The two major players in quantum-dot materials at the moment are Nanosys, which supplies the materials to 3M for its Quantum Dot Enhancement Film (QDEF), and QD Vision, which supplies the dots for its own glass-encapsulated Color IQ optical element.

At Display Week, 3M and Nanosys showed new ASUS notebook PCs with 15.6-in. 4K × 2K quantum-dot-enhanced screens with a visually striking color gamut (Fig. 1).  This is the first high-volume notebook product using 3M QDEF, and 3M sees the product’s introduction as a milestone.  We are not used to seeing high-resolution wide-gamut images such as those on the ASUS at a short distance, and the effect is so striking that it is hard to look away from the screen.  This is a display that could easily sell the product of which it is a part, and it is a fine example of quantum dots’ ability to provide dramatic increases in display impact at a very small increase in cost.  3M also showed a 65-in. QDEF-enhanced panel that produced 85% of the new Rec. 2020 gamut.  The company’s models predict it is possible to get to 92% of the UHD gamut.

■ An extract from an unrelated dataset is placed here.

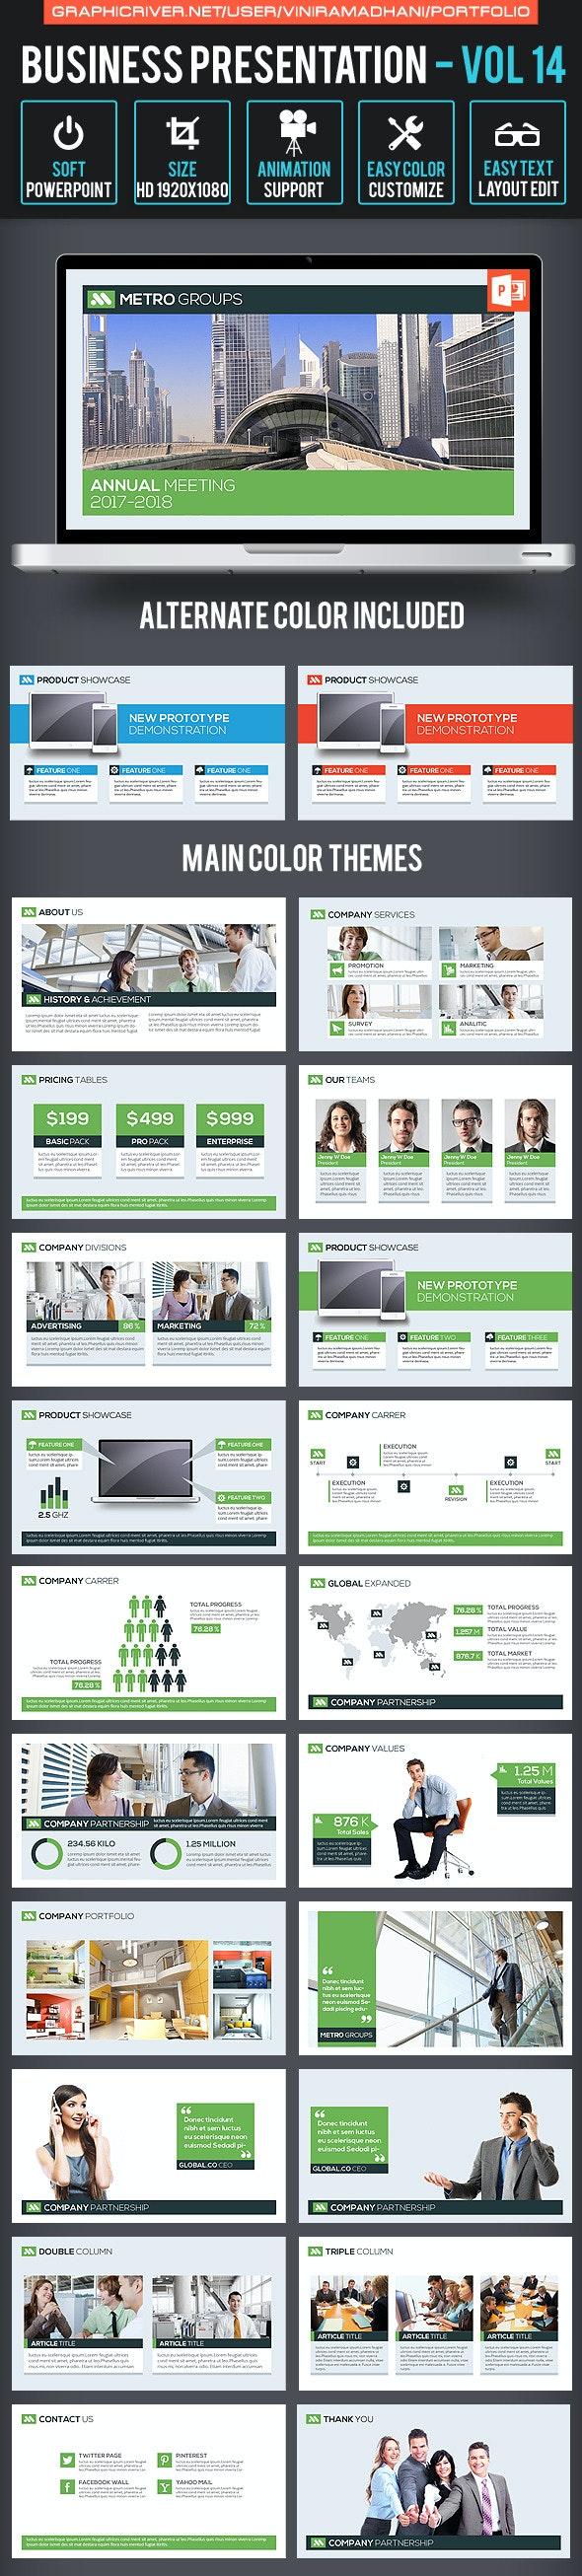 Business Presentation Volume 14 - Business PowerPoint Templates

Fig. 1:  This 4K QDEF-enhanced display appears in a new ASUS notebook PC and was shown at the 3M booth at Display Week.  The high resolution and wide color gamut of this image cannot be appreciated in the printed version of this image or in a version seen on a conventional display.  Photos courtesy Ken Werner.

Until this year’s Display Week, most industry analysts would not have thought of quantum dots as an enabler for high-dynamic-range (HDR) consumer television.  Indeed, a year ago, HDR was not on anybody’s stated feature list for advanced-generation television.  Now, all major TV makers are at least mentioning it.  In his Display Week keynote address, Kazumasa Nomoto (Senior GM, Sony Display Device Development Division) specifically mentioned HDR as part of the envelope of future TVs, and at CES this past January, Sharp showed an HDR technology demonstrator using Dolby technology.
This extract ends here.